Okt 09 18:46:22 Desktop kernel: PM: dpm_run_callback(): pci_pm_resume+0x0/0xe0 returns -62
Okt 09 18:46:22 Desktop kernel: PM: Device 0000:28:00.0 failed to resume async: error -62
Okt 09 18:46:22 Desktop kernel: Move buffer fallback to memcpy unavailable
Okt 09 18:46:22 Desktop kernel: [drm:amdgpu_cs_ioctl [amdgpu]] *ERROR* Failed to process the buffer list -19!
Okt 09 18:46:23 Desktop kernel: Move buffer fallback to memcpy unavailable
Okt 09 18:46:23 Desktop kernel: [drm:amdgpu_cs_ioctl [amdgpu]] *ERROR* Failed to process the buffer list -19!
Okt 09 18:46:23 Desktop kernel: [drm:amdgpu_gem_va_ioctl [amdgpu]] *ERROR* Couldn't update BO_VA (-2)
Okt 09 18:46:23 Desktop kernel: BUG: kernel NULL pointer dereference, address: 0000000000000008
Okt 09 18:46:23 Desktop kernel: #PF: supervisor read access in kernel mode
Okt 09 18:46:23 Desktop kernel: #PF: error_code(0x0000) - not-present page
Okt 09 18:46:23 Desktop kernel: Move buffer fallback to memcpy unavailable
Okt 09 18:46:23 Desktop kernel: [drm:amdgpu_cs_ioctl [amdgpu]] *ERROR* Failed to process the buffer list -19!
Okt 09 18:46:23 Desktop kernel: Move buffer fallback to memcpy unavailable
Okt 09 18:46:23 Desktop kernel: [drm:amdgpu_cs_ioctl [amdgpu]] *ERROR* Failed to process the buffer list -19!

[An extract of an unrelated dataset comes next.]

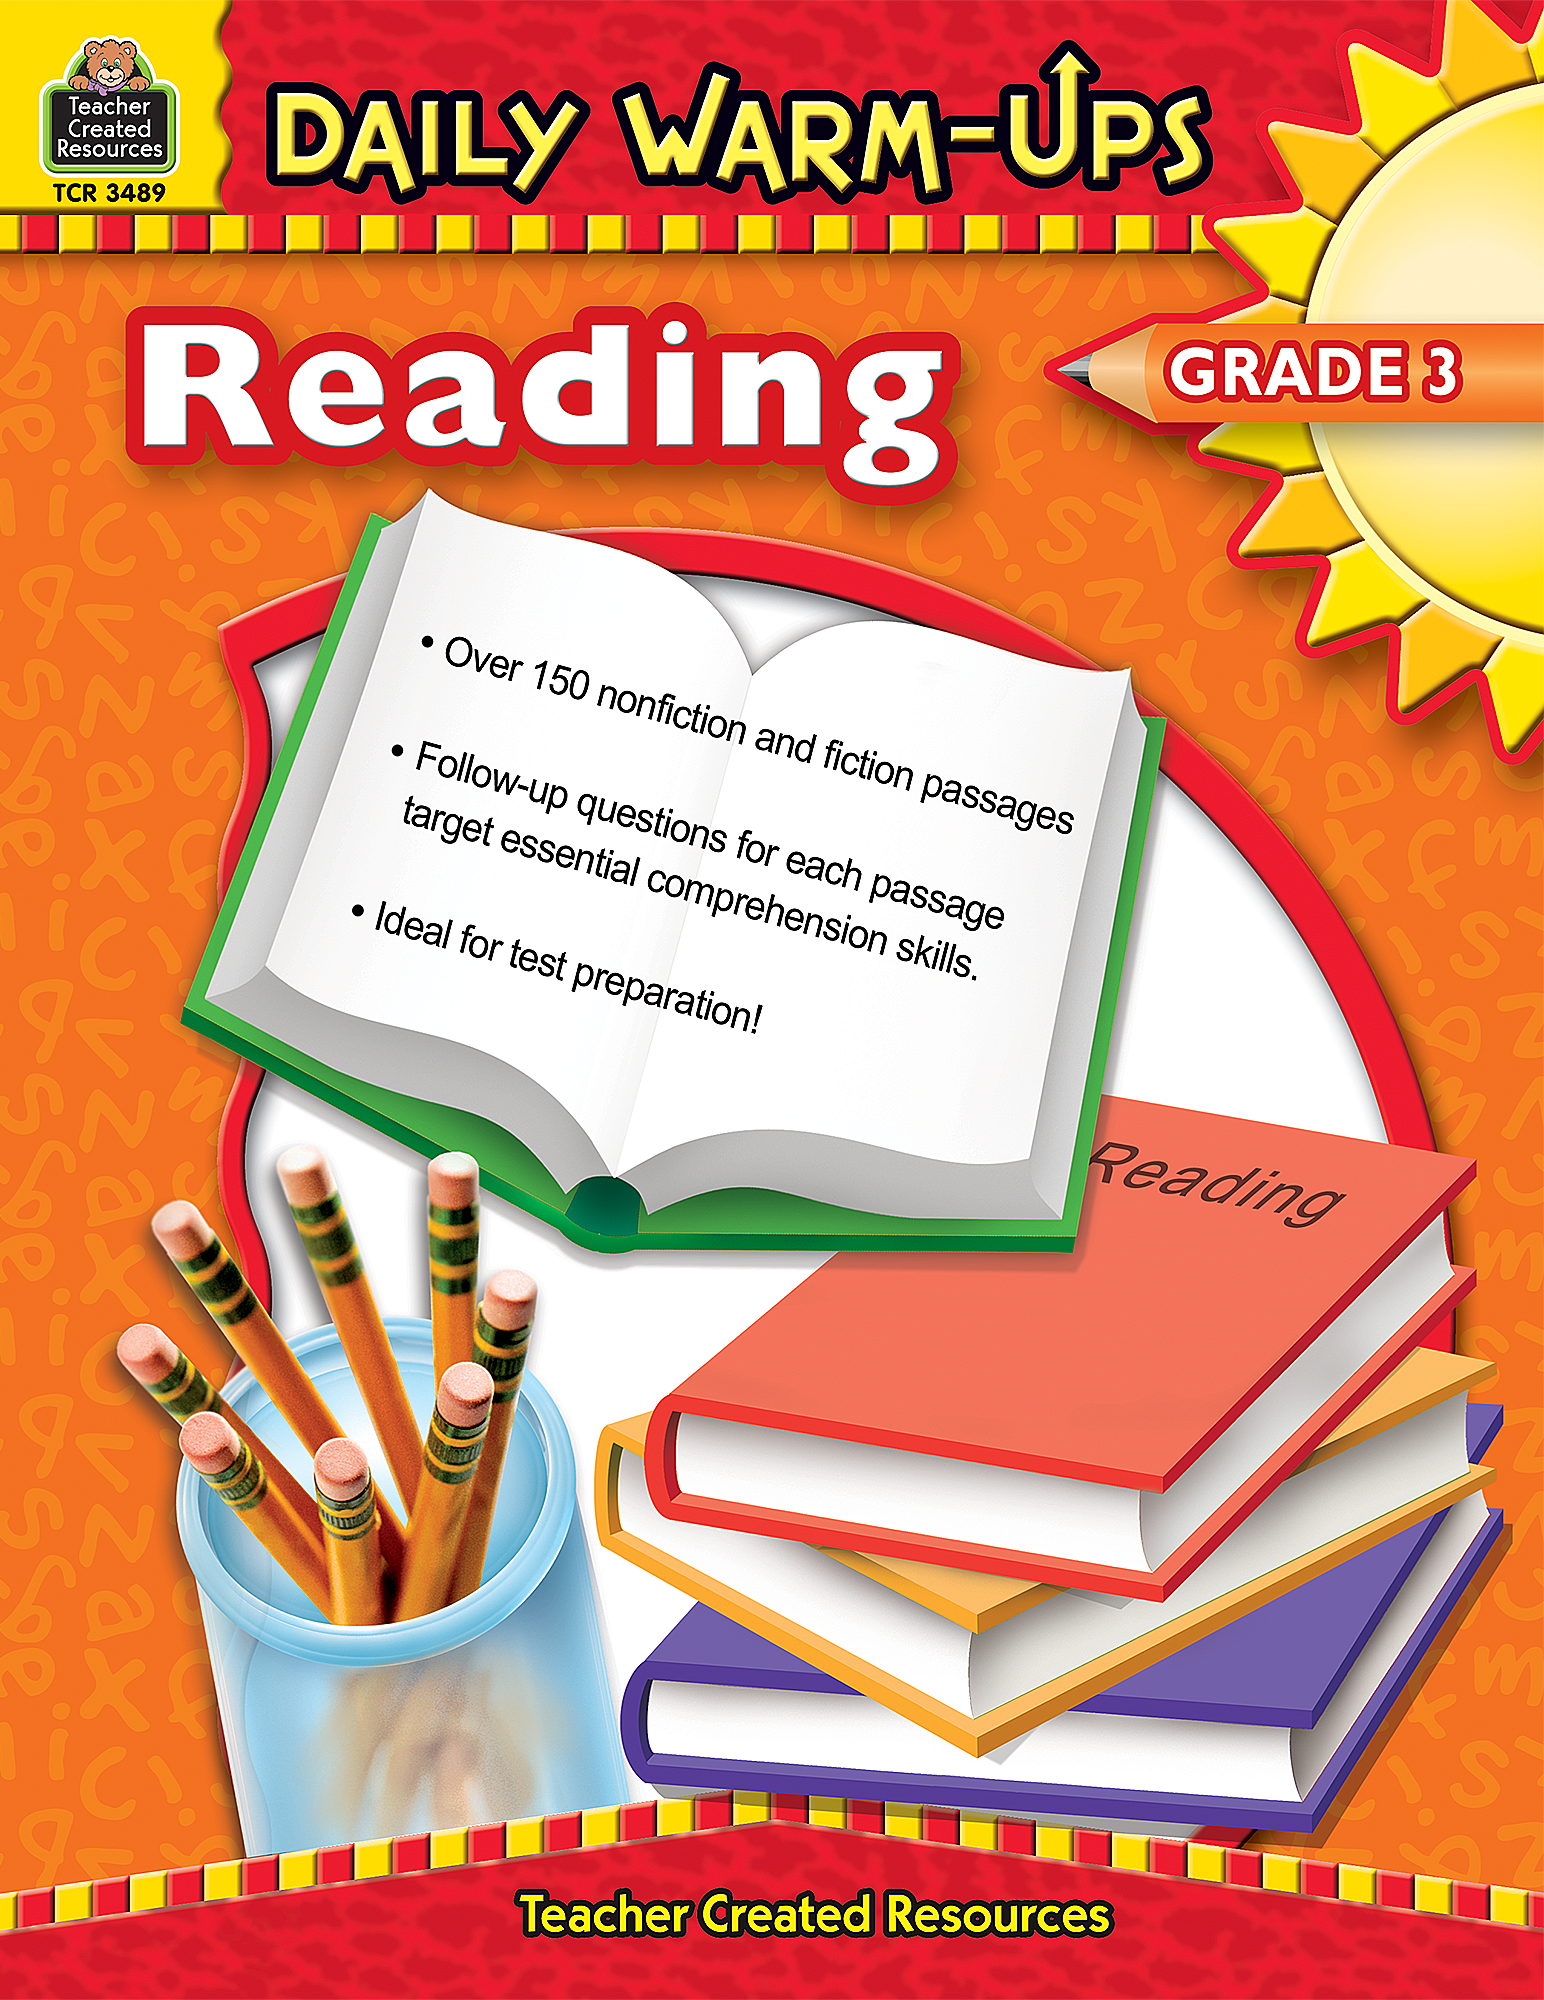 Daily Warm-Ups: Reading, Grade 3 - TCR3489 | Teacher Created Resources

Okt 09 18:46:23 Desktop kernel: [drm:amdgpu_gem_va_ioctl [amdgpu]] *ERROR* Couldn't update BO_VA (-2)
Okt 09 18:46:23 Desktop kernel: BUG: kernel NULL pointer dereference, address: 0000000000000008
Okt 09 18:46:23 Desktop kernel: #PF: supervisor read access in kernel mode
Okt 09 18:46:23 Desktop kernel: #PF: error_code(0x0000) - not-present page
Okt 09 18:46:25 Desktop kernel: amdgpu: [powerplay] Msg issuing pre-check failed and SMU may be not in the right state!
Okt 09 18:46:27 Desktop kernel: amdgpu: [powerplay] Msg issuing pre-check failed and SMU may be not in the right state!

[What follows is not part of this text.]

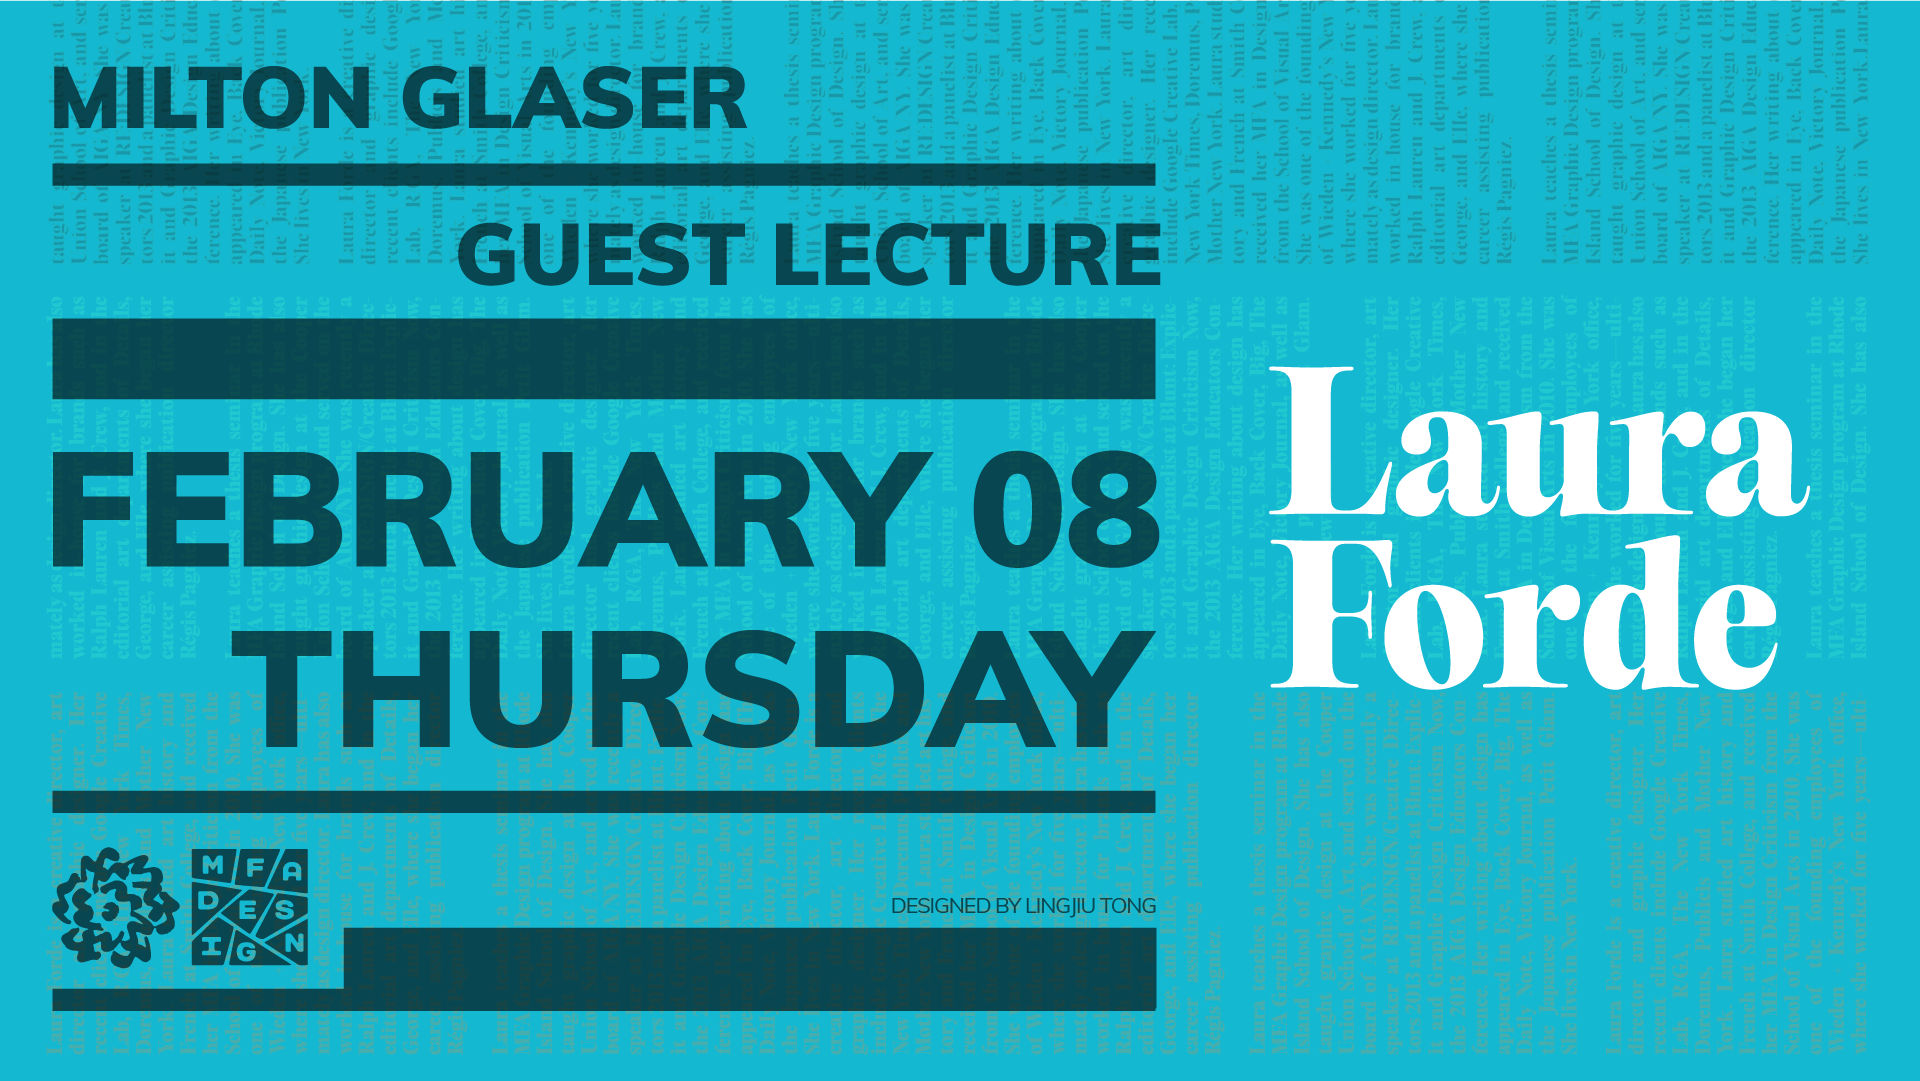 informational poster announcing guest lecturer Laura Forde

Okt 09 18:46:28 Desktop kernel: ata14: softreset failed (device not ready)
Okt 09 18:46:38 Desktop kernel: [drm:drm_atomic_helper_wait_for_dependencies [drm_kms_helper]] *ERROR* [CRTC:62:crtc-0] flip_done timed out
Okt 09 18:46:38 Desktop kernel: [drm:drm_atomic_helper_wait_for_flip_done [drm_kms_helper]] *ERROR* [CRTC:62:crtc-0] flip_done timed out
Okt 09 18:46:38 Desktop kernel: [drm:amdgpu_gem_va_ioctl [amdgpu]] *ERROR* Couldn't update BO_VA (-2)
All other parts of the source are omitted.